「子どもへの関わり方、本当にこれでいいの?」
小児科医として37年。
診察室から見えてきた、すべての子どもに必要な「4つの自立」という視点。
「うちの子、保育園でしょっちゅうトラブルを起こしてしまって……」
「3歳なのにおむつが外れなくて。私の育て方が悪いのでしょうか」
診察室で、こうした悩みを打ち明ける保護者は少なくありません。
子どもの発達というと、言葉の習得の速さや体の動きなど、目に見えて分かりやすい部分にばかり気を取られがちです。
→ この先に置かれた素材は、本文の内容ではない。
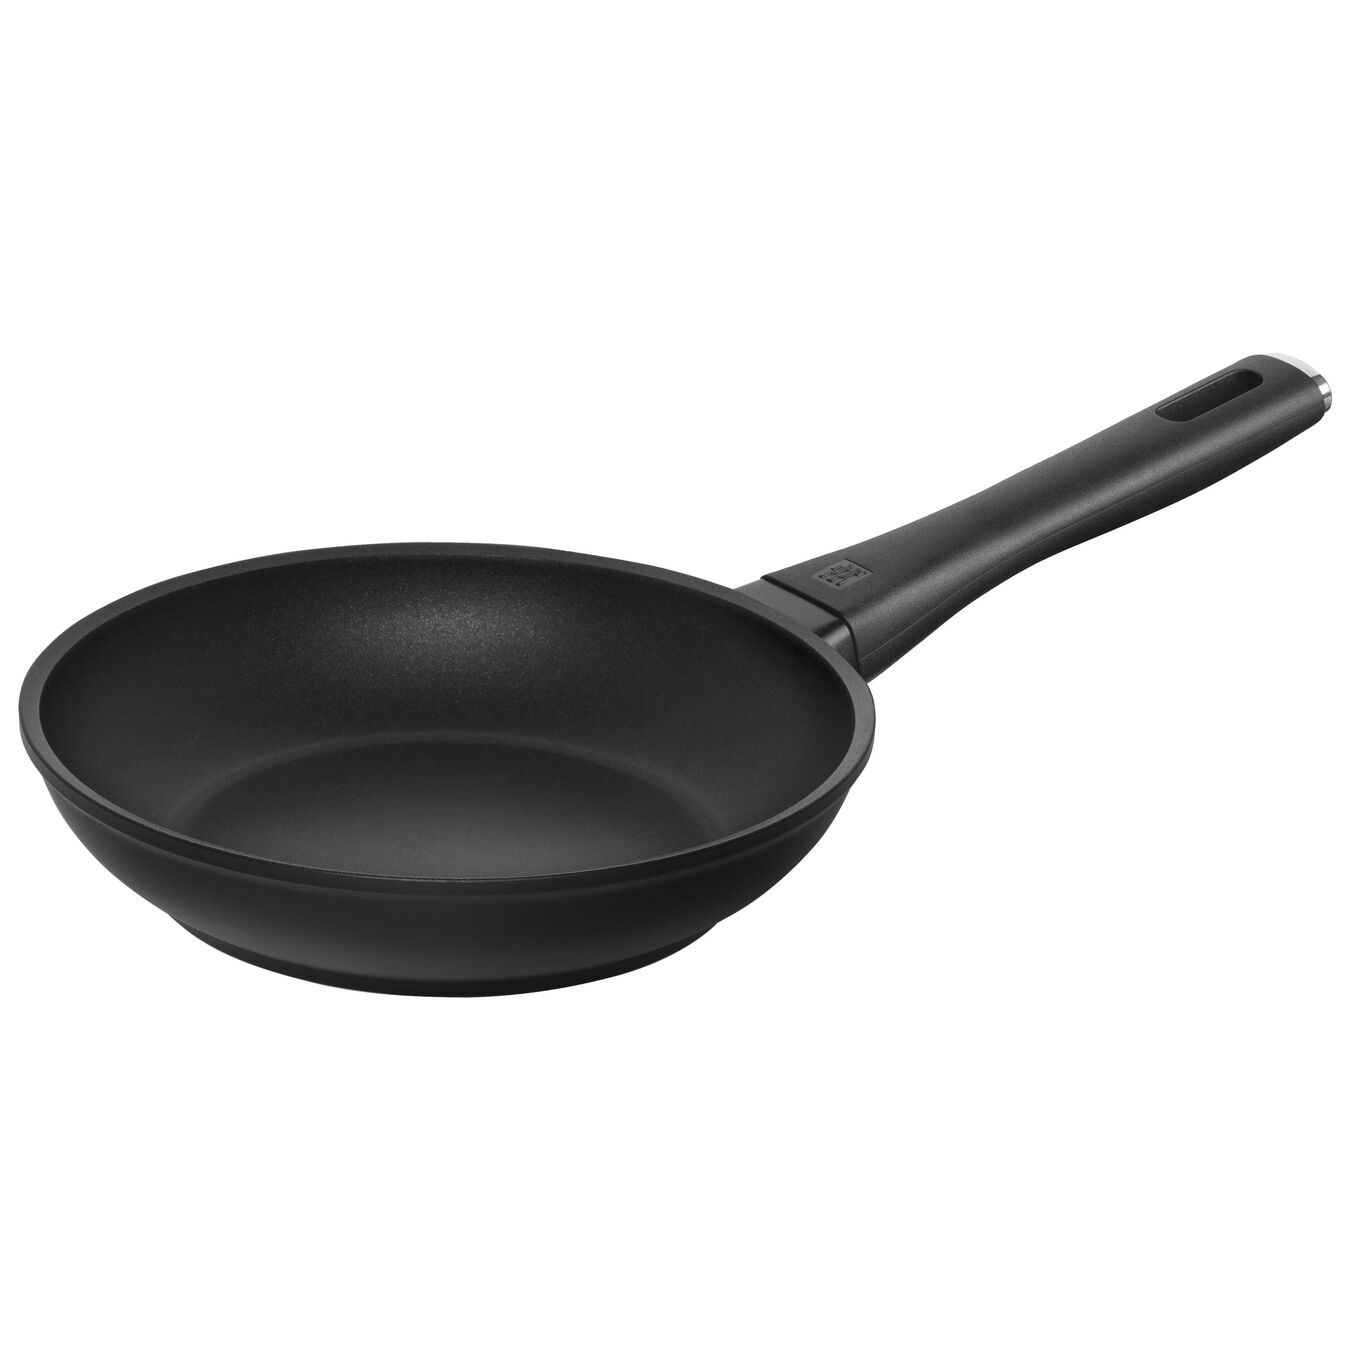 8-inch, Non-stick, Aluminum Fry Pan,,large 1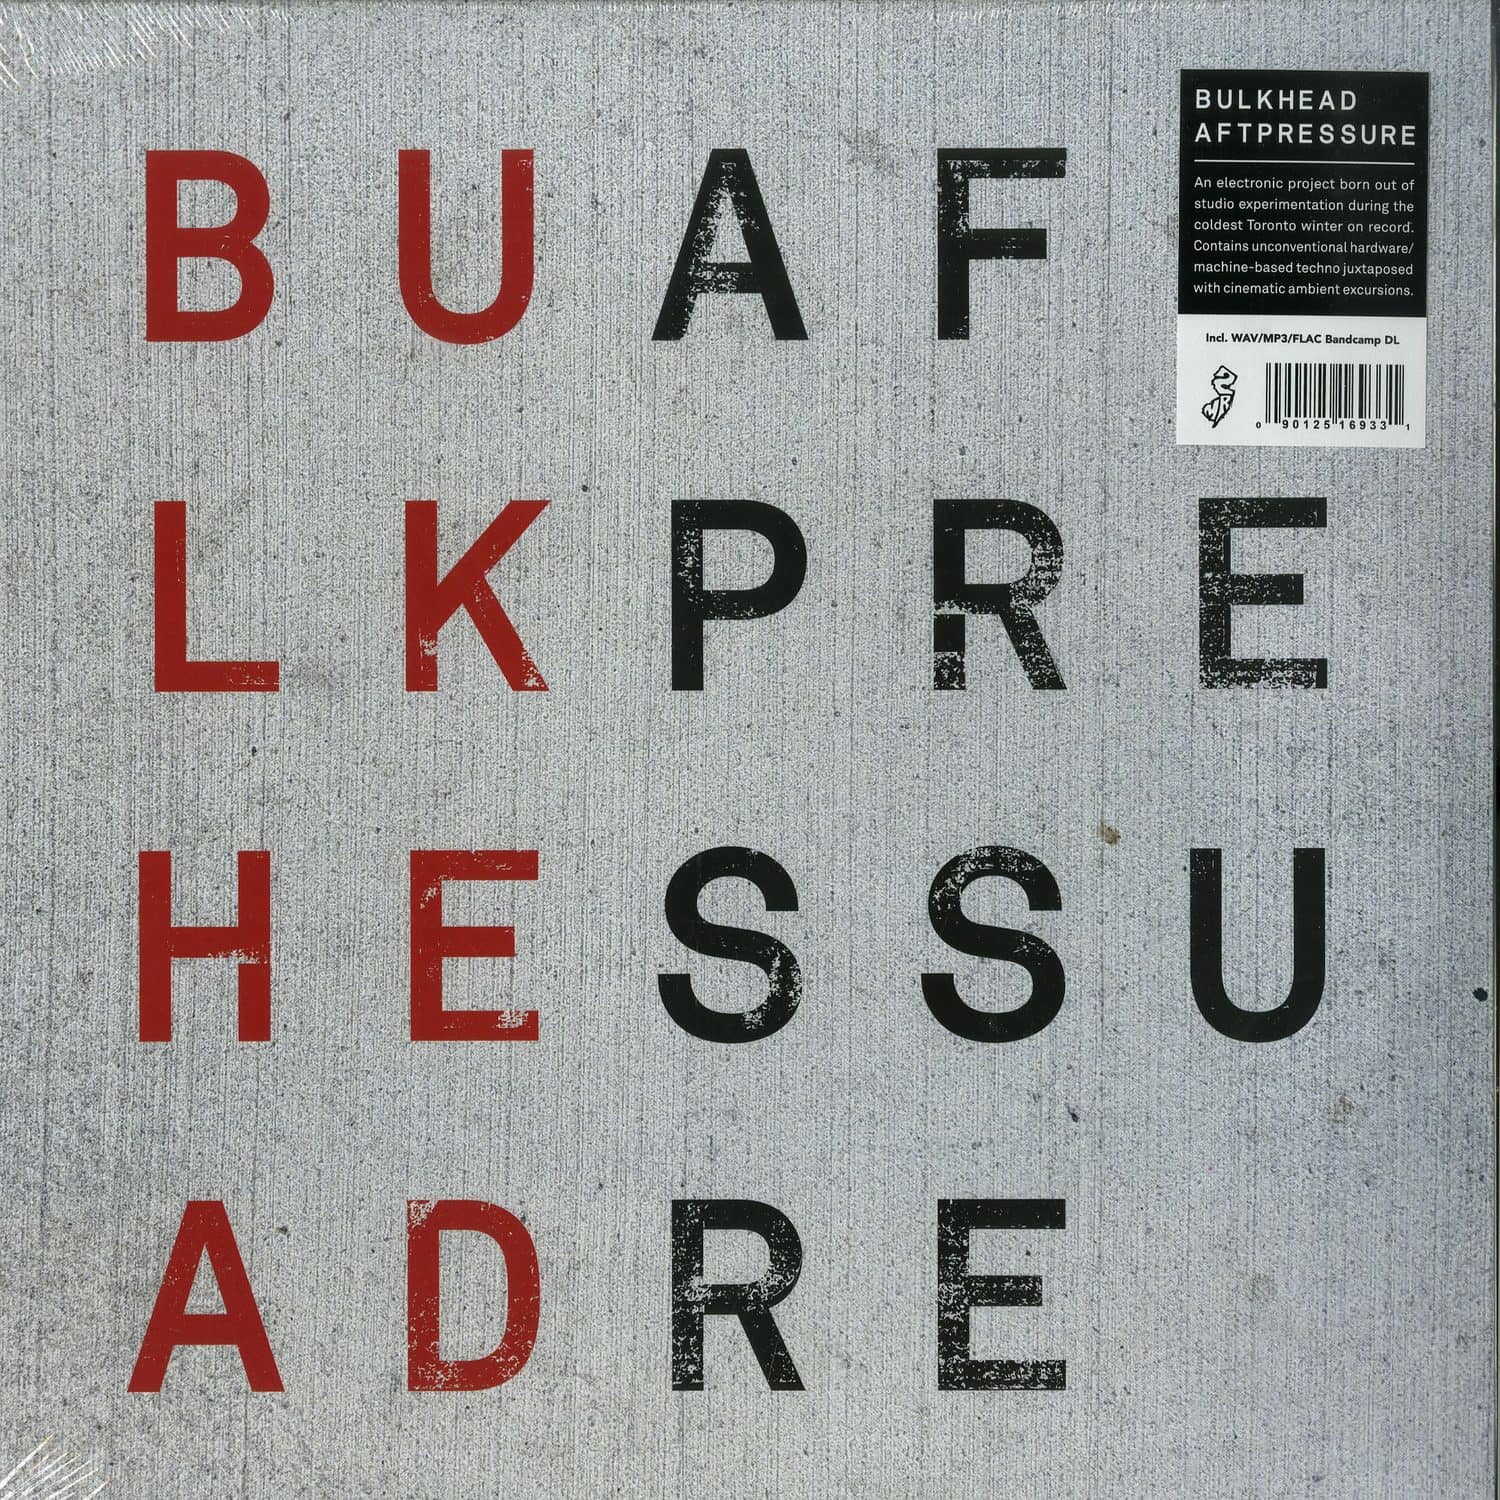 Bulkhead - AFT PRESSURE

しかし、子どもの将来を考えるなら、実はもっと視野を広げて、生活・心・人間関係・社会との関わりまで含めた全体像でとらえなければなりません。
三重県の紀北町で37年にわたり発達外来に携わってきた著者は、子どもの発達を「言語」や「運動」といった断片ではなく、【4つの自立】という軸で立体的にとらえています。
【4つの自立】
・生きるために必要な基盤を築くための 「身辺自立」(食事・着替え・排泄・清潔・睡眠)
・自己を形成し、人格を持った存在になるための 「精神的自立」(乳児期〜思春期以降)
・共同体の一員として役割を果たすための 「社会的自立」(自我の芽生え〜就学後)
・親の手を離れ、社会へ巣立つための 「経済的自立」(お仕事・お金のやり繰り)
これら4つの軸は、子どもの成長に沿って積み上がっていく発達の階段でもあります。本書では、それぞれの自立を促すための具体的な関わり方を、豊富な事例とともに解説します。発達障害の特性を踏まえた声かけから、感覚過敏の子への環境調整、きょうだい児のケア、思春期を越えて成人期医療への引き継ぎまで、発達支援の「全体像」と「具体策」を一冊に収めています。
障害があってもなくても、すべての子に「自立」を──。
小児科医、保育士、幼稚園教諭、教員、保健師、療育関係者、そして日々の子育てに向き合う保護者へ。次の一手を見いだすための一冊です。